1
$\begingroup$

Say I have a range of $[0...256]$, and I have a stream of data representing a change in an attribute, how do I determine if two points change by a significant amount, i.e. $[... 5,240 ...]$?

Is there an algorithm that works in this situation that I could use to see if the points are different in a significant way, based only on the two numbers and the range of values?

I plan to use this in image analysis to find boundaries between different colored pixels.

  • 0
    Subtraction? ${}{}{}$2017-01-13
  • 0
    @copper.hat I mean in context, I want to tell if something is following a pattern or if it's a random deviation.2017-01-13

2 Answers 2

1

What do you call significant? You can certainly subtract them and divide by the range to see what fraction of the range they differ by. Is differing by $10\%$ of the range (here $25$) significant?

  • 0
    That's part of my problem, if the difference across the range steadily increases, I don't want it to be marked as different, I want it to be different if there is a drastic, random change.2017-01-13
  • 0
    If I have $[1,3,7,10,15,21,100]$, I want the last element to stand out2017-01-13
  • 0
    There is no magic to it. You need to look at a bunch of data and see what you think is significant. Until you have some sort of model, you can't tell what is significant.2017-01-13
0

Comment. @RossMillikan is correct that you need to develop a criterion for significance. In your Comment on his answer you used the phrase "drastic, random change." What might that mean? Not having actual data at hand, I decided to do some simulation.

Long strings. Here are results of one experiment. I looked at strings of length $n = 100$ of digits randomly chosen from among $\{0, 1, 2, \dots, 256\},$ and looked at the maximum absolute differences max.dif of successive numbers in each of a million such strings. The mean was about 233.5 with SD about 12.5; about 90% exceeded 216, and about 99% exceeded 199. To me, it seems clear that a difference between successive values that exceeds 200 should always be considered remarkable.

A histogram of these max.difs is shown below.

enter image description here

Short strings. To see how big a difference is remarkable for relatively short strings, I repeated the simulation with $n=10.$ The mean was about 180.6 with SD about 37.7; about 90% exceeded 229, and about 99% exceeded 129. To me, it seems clear that a difference between successive values in a string of 10 that exceeds 90 should always be considered remarkable.

m = 10^6;  pop = 0:256;  n = 10;  max.dif = numeric(m)
  for(i in 1:m) {
  string=sample(pop, n, repl=T)
  max.dif[i] = max(abs(diff(string)))  }
mean(max.dif);  sd(max.dif)
## 180.5514
## 37.70648
quantile(max.dif, c(.01, .10, .90))
## 1% 10% 90% 
## 89 129 229 

enter image description here

Perhaps these particular experiments are not useful, but at least they are based on something approaching an objective criterion.
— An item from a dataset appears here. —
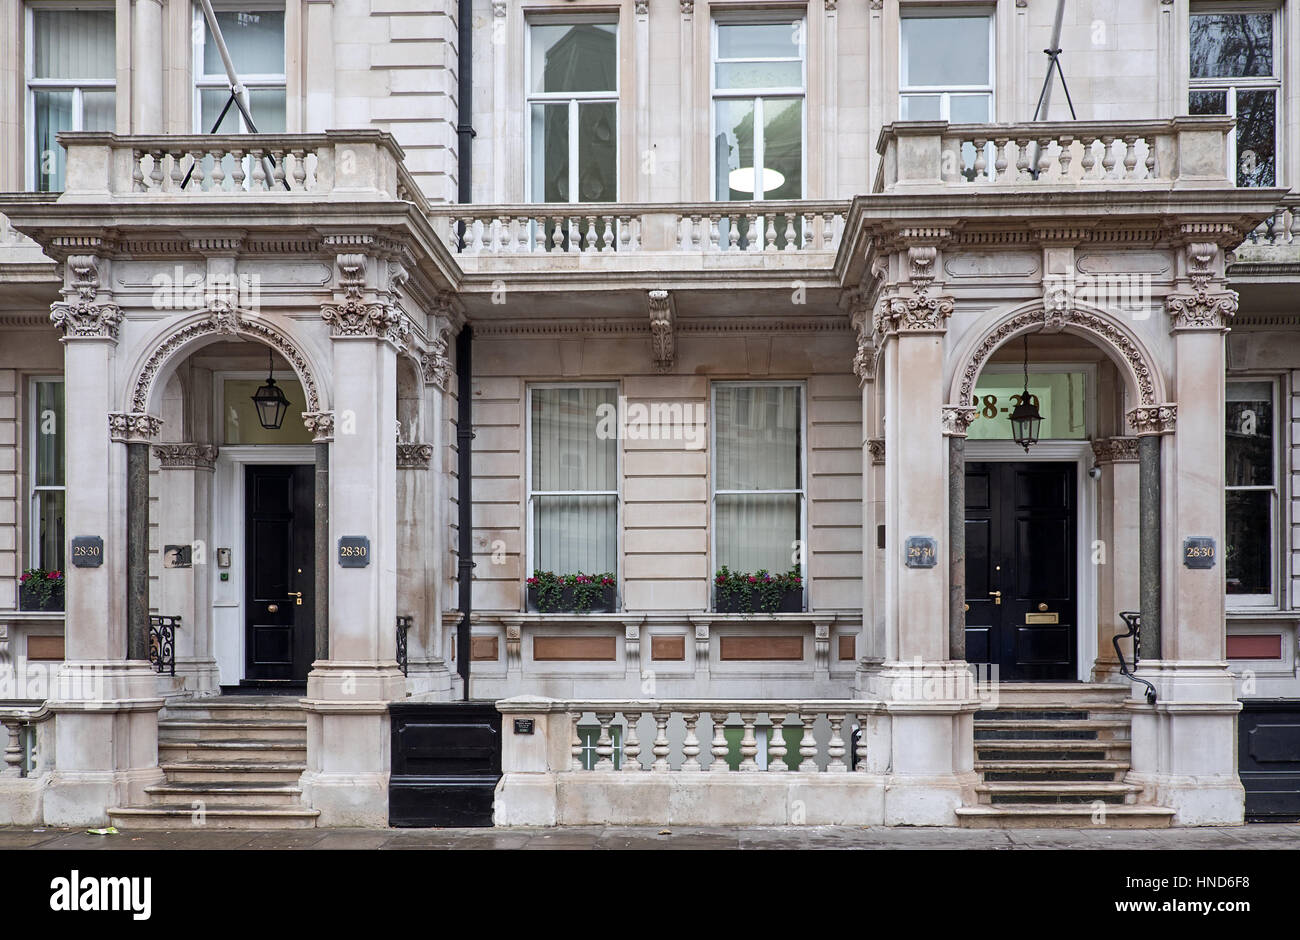 Verzierte Fassade mit aufwendigen Dekorationen rund um Eingang Tierheim, unterstützt auf Spalten eines Gebäudes in London City Stockfoto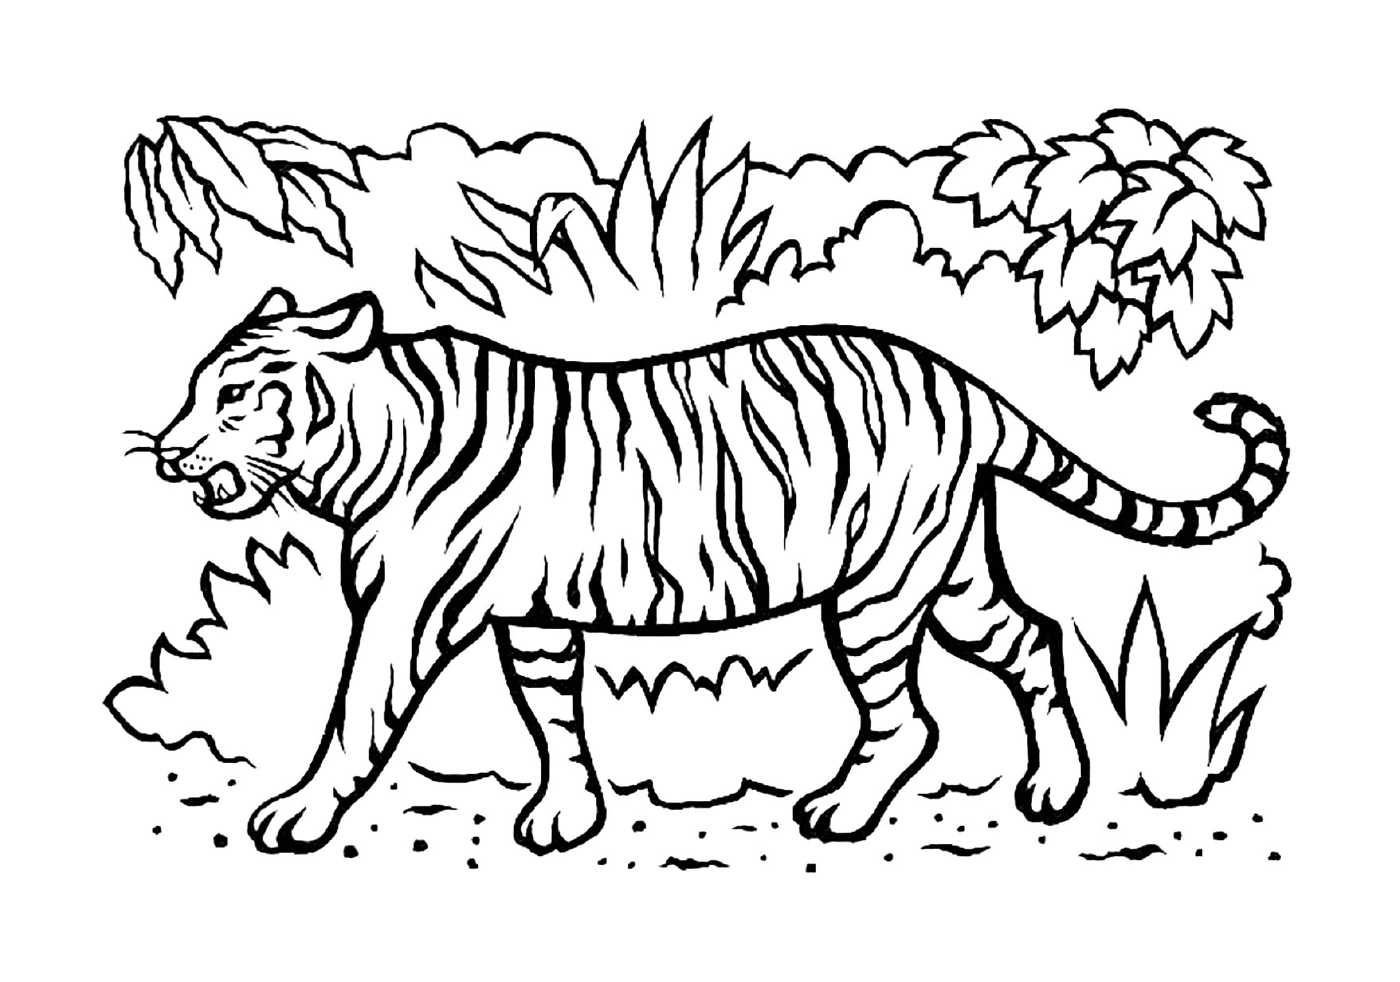  Um belo tigre na savana

Based on your experience, you may be able to do simulations with results that are more useful.

Control charts. An entirely unrelated path of inquiry is for you to look at the literature on 'control charts', long used by quality engineers to detect when a process is going 'out of control'. Several criteria are commonly used as signals for trouble, some of which may be useful here.

Change point in time series. (Added later.) Over lunch a colleague suggested you might look in the literature of time series for criteria to detect 'change points', usually detecting a point in time at which the mean of the series appears to change.